John Spilis

No. 85
- Position: Wide receiver

Personal information
- Born: October 14, 1947 (age 78) Chicago, Illinois, U.S.
- Listed height: 6 ft 3 in (1.91 m)
- Listed weight: 205 lb (93 kg)

Career information
- High school: Thornridge (Dolton, Illinois)
- College: Northern Illinois
- NFL draft: 1969: 3rd round, 64th overall pick

Career history
- Green Bay Packers (1969–1971);

Career NFL statistics
- Receptions: 27
- Receiving yards: 446
- Touchdowns: 1
- Stats at Pro Football Reference

= John Spilis =

American football player (born 1947)

John Arthur Spilis (born October 14, 1947) is a former wide receiver in the National Football League (NFL). He was drafted by the Green Bay Packers in the third round of the 1969 NFL/AFL draft and played three seasons with the team.

==College==
Spilis played college football at Northern Illinois University from 1966 to 1968, where he was a split end and kickoff returner, and wore number 87. He led the Huskies twice (1967 and 1968) in receiving and scoring, and in 1968 led the team in all-purpose yards and kickoff returns. His 22 career touchdowns set an NIU record. Curiously, he caught the same number of passes—46—in each of his three years at NIU. He was honored as team co-captain and co-MVP in 1968, and was a selection for the College All-Star Game in 1969. He was also selected to play in the All-American Bowl, but was unable to play due to a broken leg.

==The Packers and the 1969 draft==
Spilis was chosen by the Green Bay Packers in the third round of the 1969 NFL draft. He was the 8th wide receiver selected, one round before the Houston Oilers chose Hall of Fame wide receiver Charlie Joiner. Spilis went, by far, the highest any Northern Illinois player had been taken in the NFL draft; the previous high had been the 16th round. No other NIU Huskie would go as early as the third round until running back LeShon Johnson was also drafted by the Green Bay Packers in the third round in 1994. No Huskie would be taken as a higher overall pick until the San Diego Chargers picked defensive end Larry English in the first round in 2009.
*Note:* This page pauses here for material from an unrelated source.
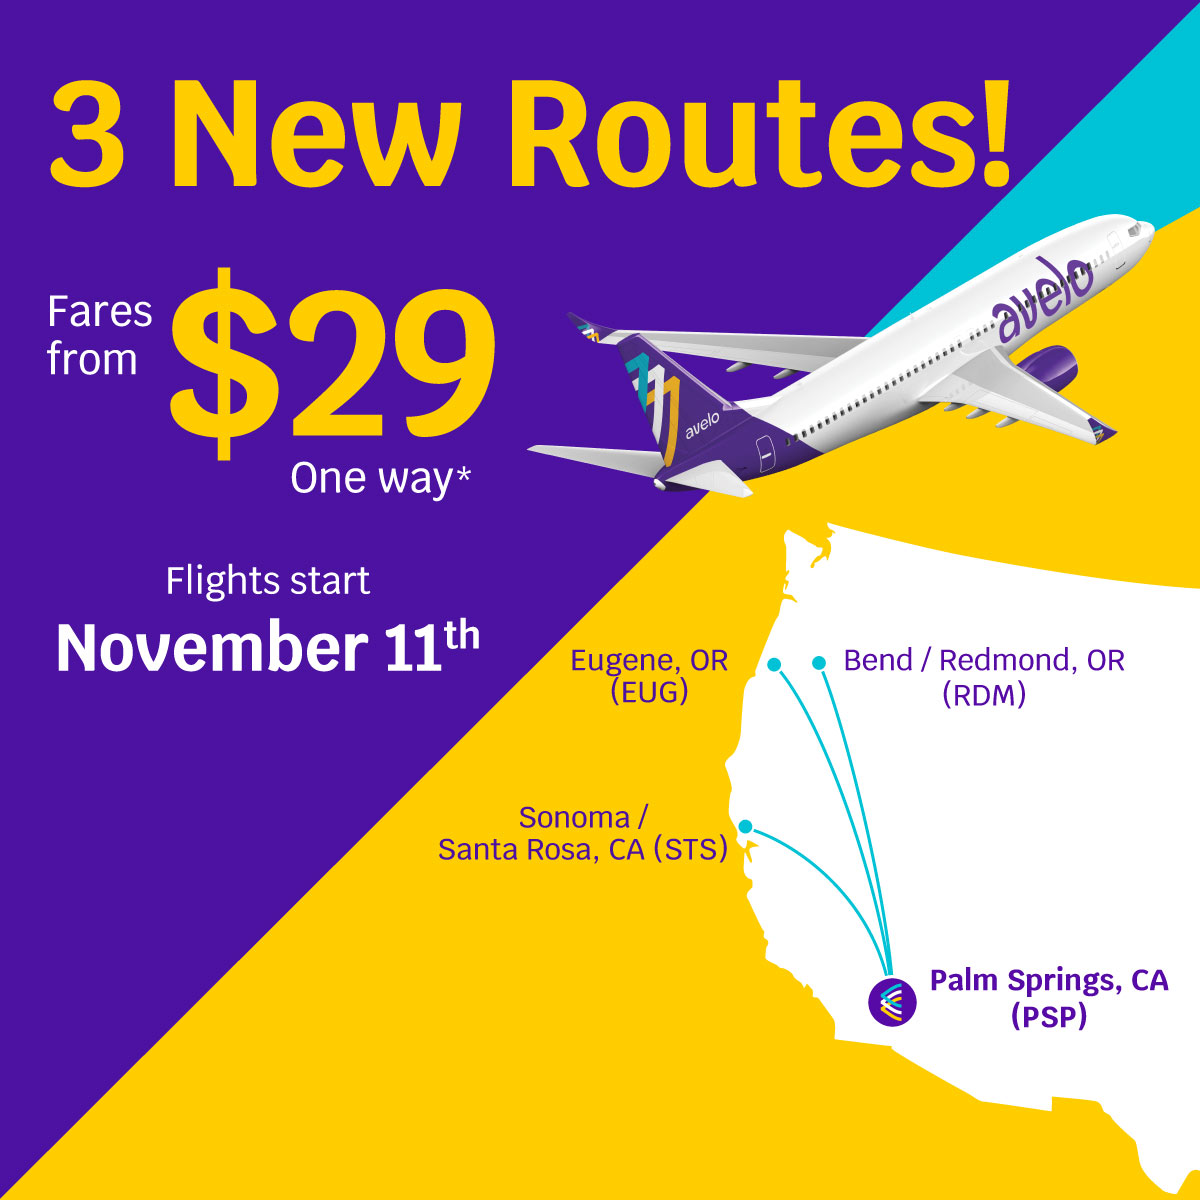 ‼New Airline & New Routes‼ We're excited to announce that @AveloAir is coming to PSP with new nonstop service to Santa Rosa, CA, Eugene, OR, and Bend/Redmond, OR with introductory fares starting at $29 one way! Book today at AveloAir.com! Flights start 11/11/22
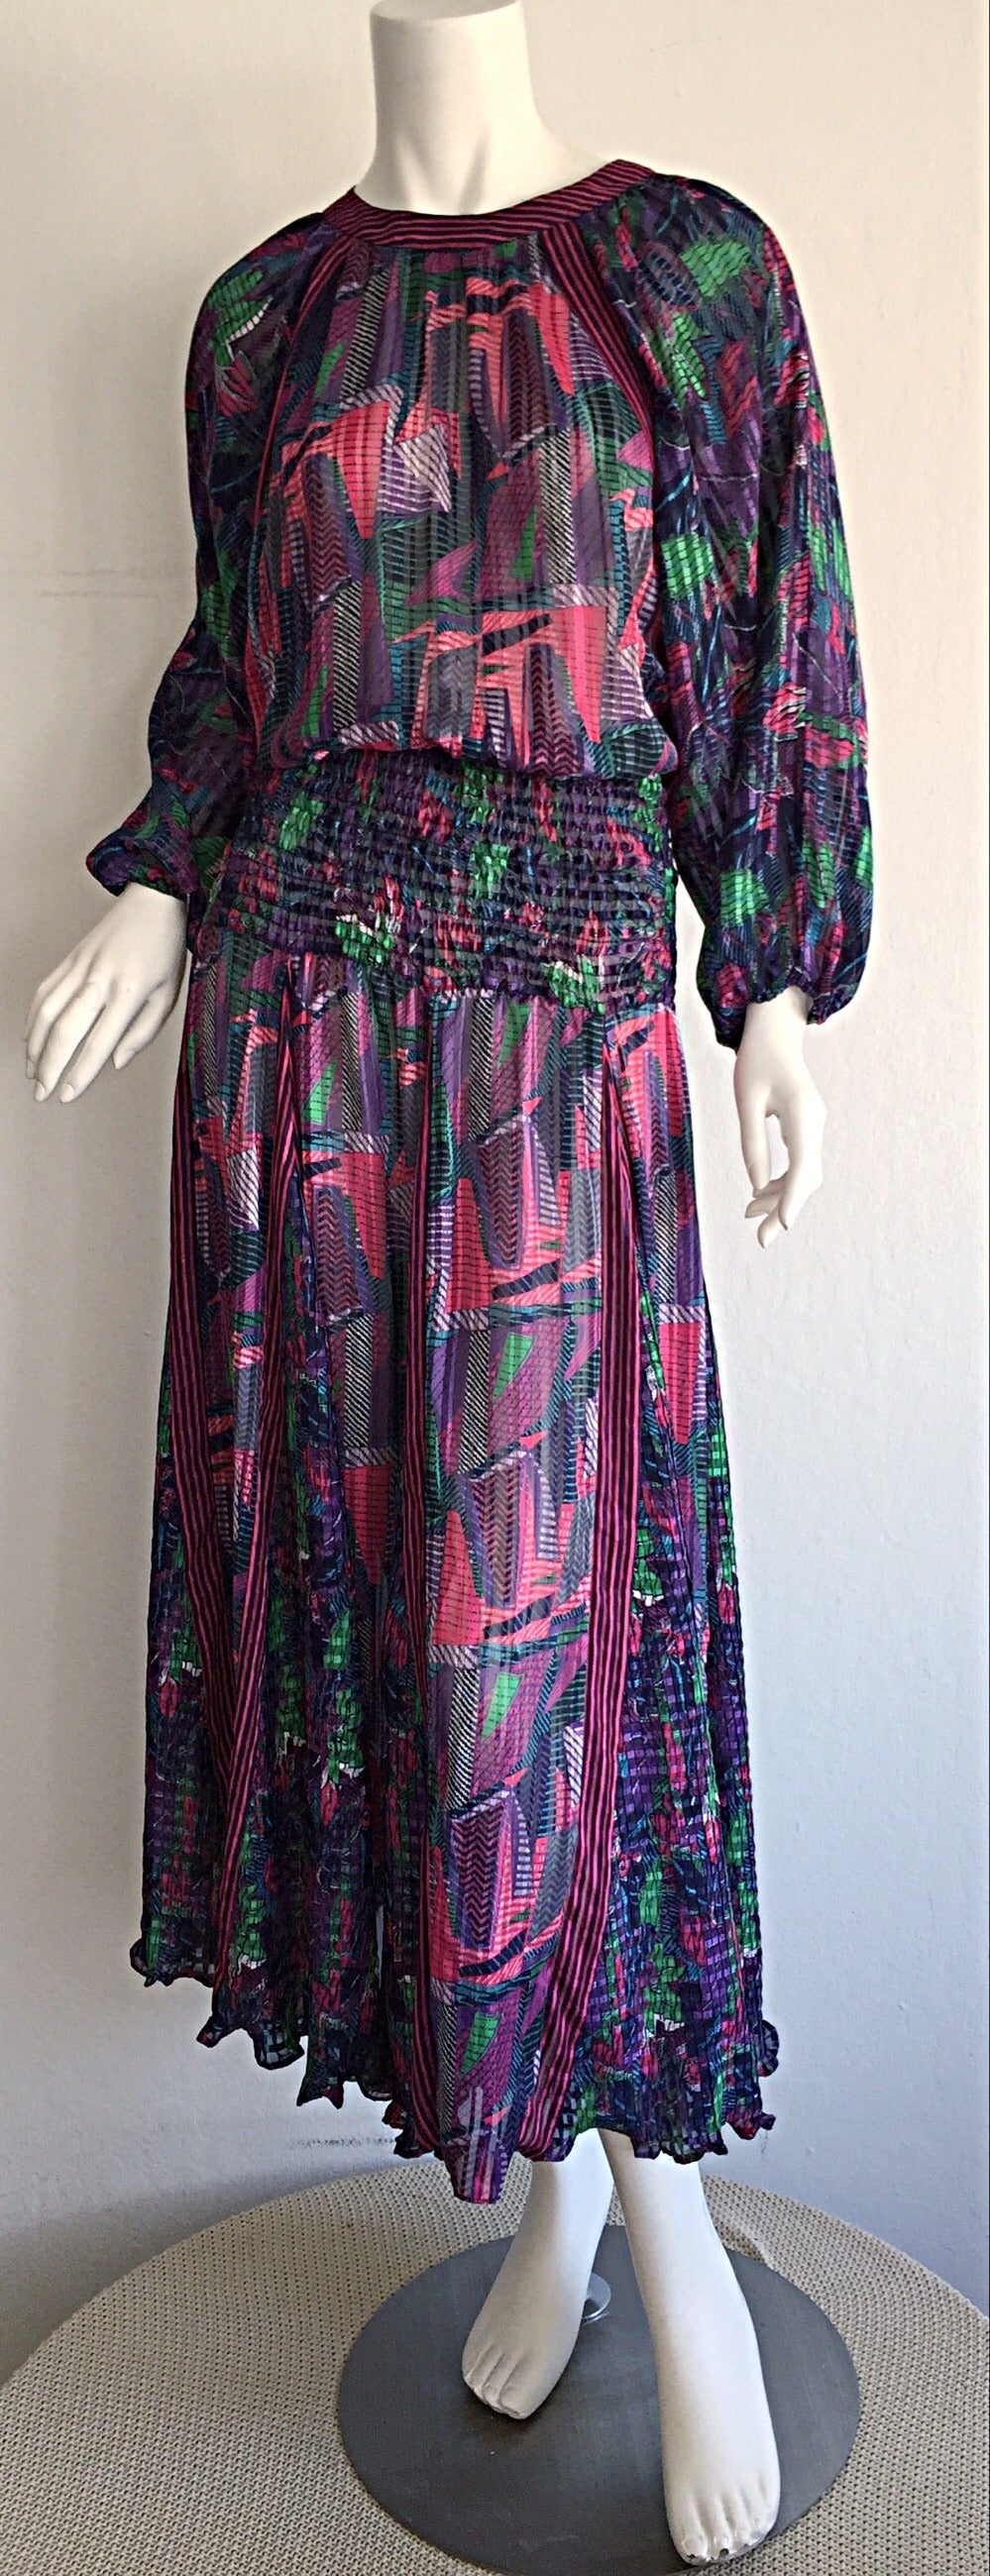 Wonderful vintage 1980s bohemian colorful dress! Beautiful abstract prints, mixed with stripes. Pleated  skirt features a variety of panels, that look incredible when worn. Chic flowy ballon sleeves. Button closure at back neck. Perfect from day to

The Packers' wide receivers corps had changed little during Vince Lombardi's last several years as head coach, but by 1969 change was in the air. Max McGee had retired after the 1967 season, and the remaining leading receivers, Boyd Dowler and Carroll Dale, were 31 and 32 years old respectively. In both the 1967 and 1968 drafts, the Packers had invested a pick in a wide receiver in the first four rounds--Dave Dunaway in the 2nd round in 1967 and John Robinson in the 4th round in 1968. But neither panned out for the Packers. Dunaway appeared in just two games with the Packers with zero catches before playing in only more 11 games elsewhere in the NFL after that. Robinson never appeared in an NFL regular season game at all.

== NFL years==
Spilis played for the Packers in 1969, 1970 and 1971. He played in 12 of the team's 14 games in 1969, and played in all 14 games in both 1970 and 1971. His final year, 1971, was easily his most productive pro season. He started in 11 of 14 Packers games, after starting only six games total in the previous two seasons. He gained playing time that had been given the previous year to Jack Clancy at wide receiver, playing split end opposite Carroll Dale. Spilis scored his only NFL touchdown in the sixth Packers season game of 1971, a road loss to the Los Angeles Rams. Spilis caught a 32-yard touchdown pass from Zeke Bratkowski in the 4th quarter, the only Packers touchdown in a 30–13 defeat.
Spilis spent the entire 1972 preseason with the Packers, but in spite of his increased role in 1971, some felt he would have to fight for a job for 1972. He was released in the team's final roster cuts before the start of the regular season. The Packers replaced Spilis with rookie Leland Glass. The 1971 Packers had been one of the weakest teams in the league in the passing game. Out of 26 teams, they were last in pass attempts, 25th in completions, 25th in first downs by passing, 24th in passing yards, and 23rd in touchdown passes.

==Honors==
After his playing days, Spilis received multiple honors from his alma mater. He was named to NIU's All-Century Team and Century's Five Best Players in 1999 and was named the #9 player in Huskie Stadium history in 2015. Spilis was also honored in 2015 as part of the 50th anniversary celebration of Huskie Stadium by being commemorated on one of 22 full-size window clings honoring NIU football greats displayed on businesses in downtown DeKalb.